Lean Production
Lean Production of Paper Airplanes
Example: Assume that you and another person are tasked with making a large number of paper airplanes. Each unit requires three operations: (1) marking, (2) cutting, and (3) folding.
Describe the mass and lean ways to deploy your resources. Which might generate airplanes with higher quality?
Solution:A mass production method would be to have one person doing all the marking and cutting and the other person doing all the folding. The lean way would have both people doing marking, cutting, and folding to make complete airplanes. The lean way would probably produce higher quality because, during folding, people might detect issues in marking and cutting. That information would be used the next time to improve marking and cutting with no possible loss associated with communication. (Mass production might produce units more quickly, however.)
In addition to studying Toyota’s lean production, observers compare many types of business practices at European, Japanese, and U.S. companies. One finding at specific companies related to the timing of design changes at automotive companies. In the automotive industry, “Job 1” is the time when the first production car roles off the line. A picture emerged, implies that at certain automotive companies in Japan, much more effort was spent investigating possible design changes long before Job 1. At certain U.S. car companies, much more of the effort was devoted after Job 1 reacting to problems experience by customers. This occurred for a variety of reasons.
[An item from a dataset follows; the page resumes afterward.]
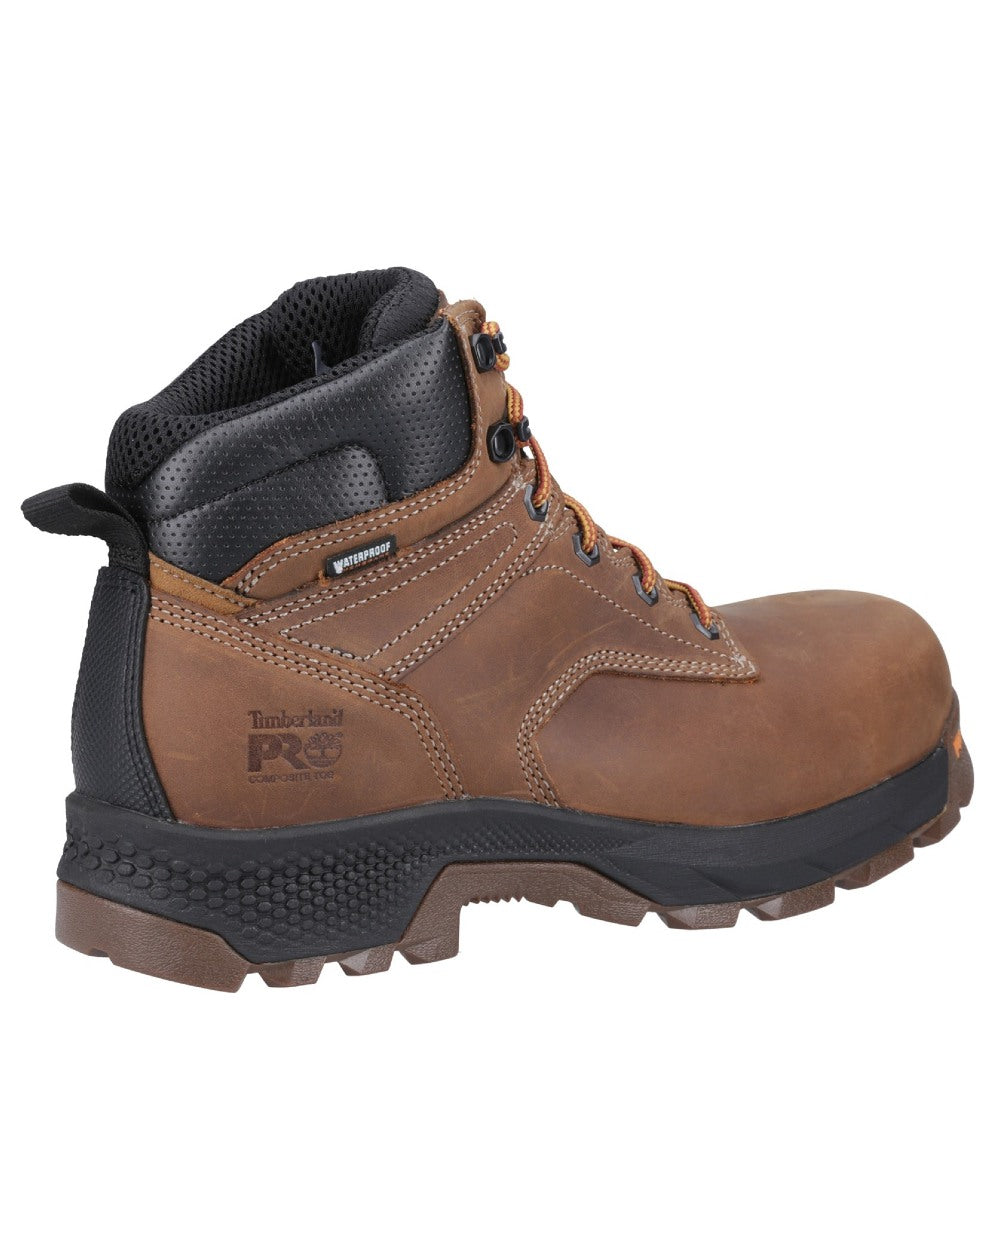 Brown coloured Timberland Pro Titan 6inch Safety Boots on white background

Certain Japanese companies made an effort to institutionalize a forward-looking design process with “design freezes” that were taken seriously by all involved. Also, engineers at these specific companies in Japan were applying design of experiments (DOE) and other formalized problem-solving methods more frequently than their U.S. counterparts. These techniques permit the thorough exploration of large numbers of alternatives long before Job 1, giving people more confidence in the design decisions.
Another development in the history of quality is “miniaturization”. Many manufactured items in the early 2000s have literally millions of critical characteristics, all of which must conform to specifications in order for the units to yield acceptable performance. The phrase “mass customization” refers to efforts to tailor thousands of items such as cars or hamburgers to specific customers’ needs. Mass customization, like miniaturization, plays an important role in the modern work environment. Ford’s motto was, “You can have any color car as long as it is black.” In the era of global competition, customers more than ever demand units made to their exact specifications. Therefore, in modern production, customers introduce additional variation to the variation created by the production process.
ExampleFreezing Designs
With respect to manufacturing, how can freezing designs help quality?
Solution:Often the quality problem is associated with only a small fraction of units that are not performing as expected. Therefore, the problem must relate to something different that happened to those units, i.e., some variation in the production system. Historically, engineers “tweaking” designs has proved to be a major source of variation and thus a cause of quality problems.